초록 열기/닫기 버튼

한우의 유전체 전장의 정보를 Illumina BeadArrayTM Bovine SNP50 assay를 이용하여 단일염기다형 현상을 조사한 결과, 유전적 다양성을 보이는 좌위가 약 32,567 좌위 이상에서 다양성을 보이고 있었으며 약 5,554 좌위에서 다양성이 조사되지 않았다. 이는 조사된 자료의 가계집단의 수가 크게 제한되었기 때문에 기인될 수 있으며 또 다른 원인으로는 한우 종축집단의 크기가 작을 수 있다는 현상을 반증한다고 사료된다. 유전분석의 기초가 되는 혈통기록에 의한 개체간 혈연관계를 유전체 정보에 의한 혈연관계와 비교하여 본 결과, 유전체 정보에 의한 혈연관계의 크기가 혈통기록에 의한 혈연관계보다 좀 더 정확하게 추정될 수 있다는 장점이 있으며 혈통기록상의 오류로 그릇된 혈연관계의 크기를 유전체 정보를 통하여 보완할 수 있다는 장점이 있다. 이러한 장점을 활용하면 유전체정보를 이용한 유전능력 평가의 정확성을 크게 향상시킬 수 있을 것으로 사료되었다.

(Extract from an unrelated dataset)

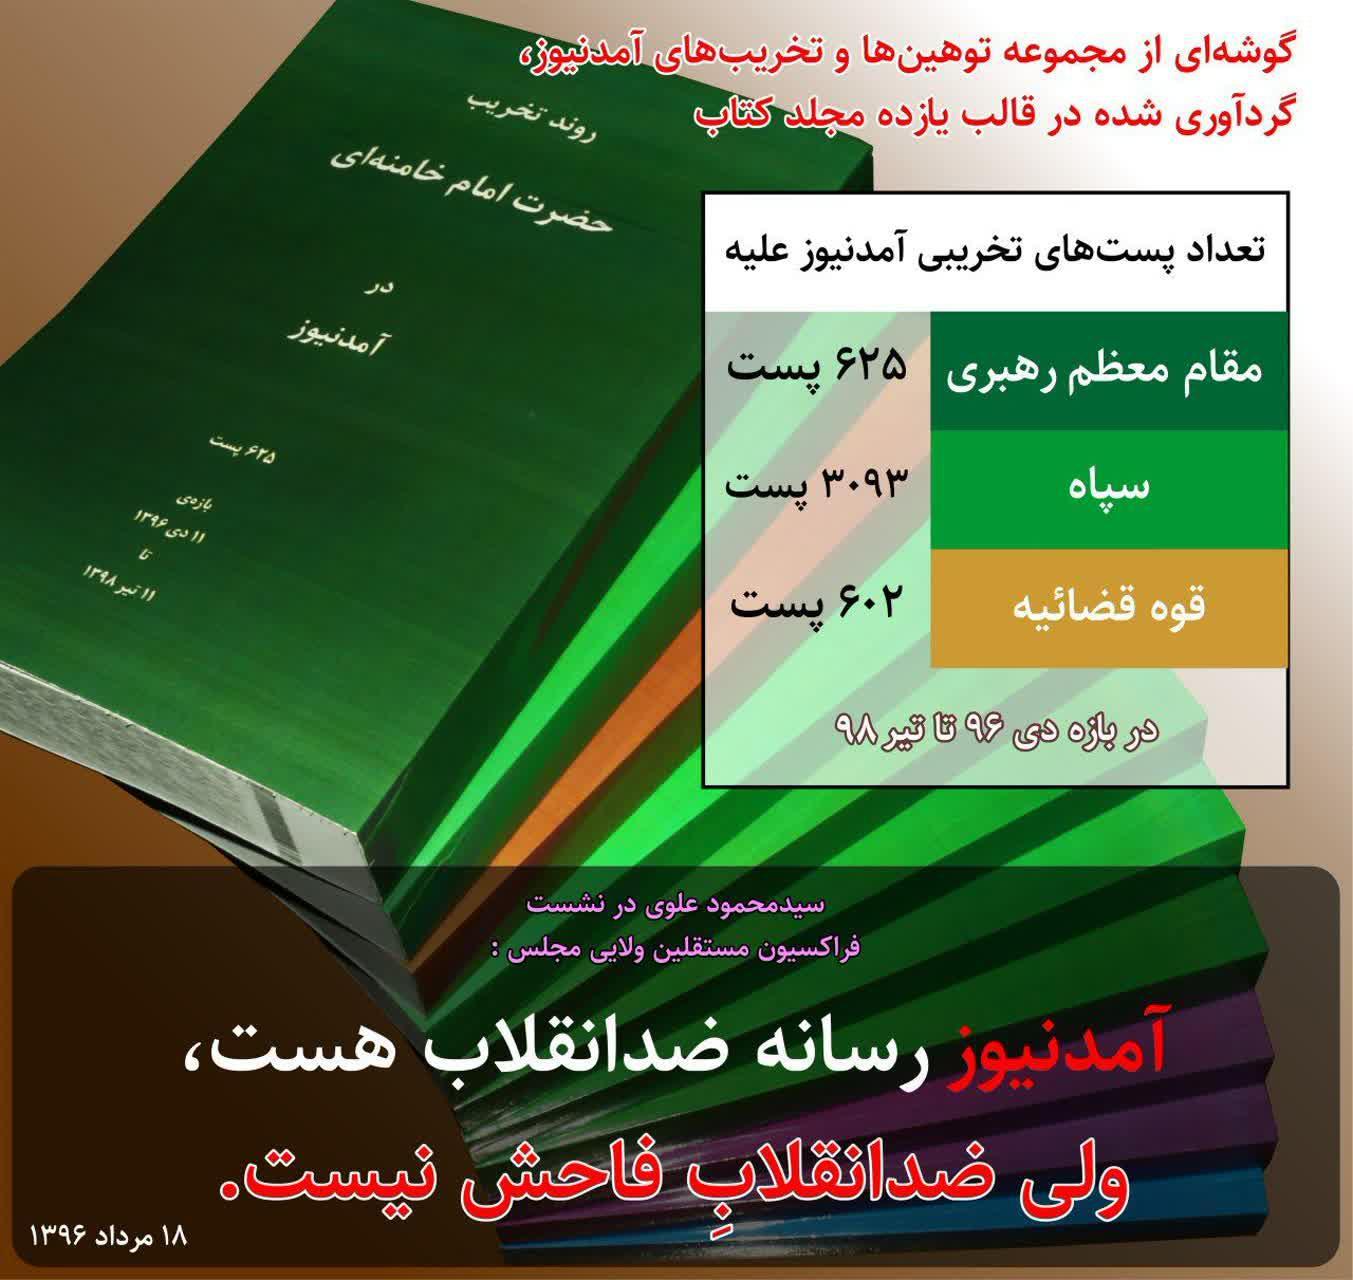 amadnews%20%286%29 شکایت وزیر اطلاعات از حسن عباسی به بهانه بیان ارتباط و رابطه آمدنیوز و همچنين وزیر اطلاعات + اسناد

The emergence of next-generation sequencing technologies has lead to application of new computational and statistical methodologies that allow incorporating genetic information from entire genomes of many individuals composing the population. For example, using single-nucleotide polymorphisms(SNP) obtained from whole genome amplification platforms such as the Ilummina BovineSNP50 chip, many researchers are actively engaged in the genetic evaluation of cattle livestock using whole genome relationship analyses. In this study, we estimated the genomic relationship matrix(GRM) and compared it with one computed using a pedigree relationship matrix(PRM) using a population of Hanwoo. This project is a preliminary study that will eventually include future work on genomic selection and prediction. Data used in this study were obtained from 187 blood samples consisting of the progeny of 20 young bulls collected after parentage testing from the Hanwoo improvement center, National Agriculture Cooperative Federation as well as 103 blood samples from the progeny of 12 proven bulls collected from farms around the Kyong-buk area in South Korea. The data set was divided into two cases for analysis. In the first case missing genotypes were included. In the second case missing genotypes were excluded. The effect of missing genotypes on the accuracy of genomic relationship estimation was investigated. Estimation of relationships using genomic information was also carried out chromosome by chromosome for whole genomic SNP markers based on the regression method using allele frequencies across loci. The average correlation coefficient and standard deviation between relationships using pedigree information and chromosomal genomic information using data which was verified using a parentage test andeliminated missing genotypes was 0.81±0.04 and their correlation coefficient when using whole genomic information was 0.98, which was higher. Variation in relationships between non-inbred half sibs was 0.22±0.17 on chromosomal and 0.22±0.04 on whole genomic SNP markers. The variations were larger and unusual values were observed when non-parentage test data were included. So, relationship matrix by genomic information can be useful for genetic evaluation of animal breeding.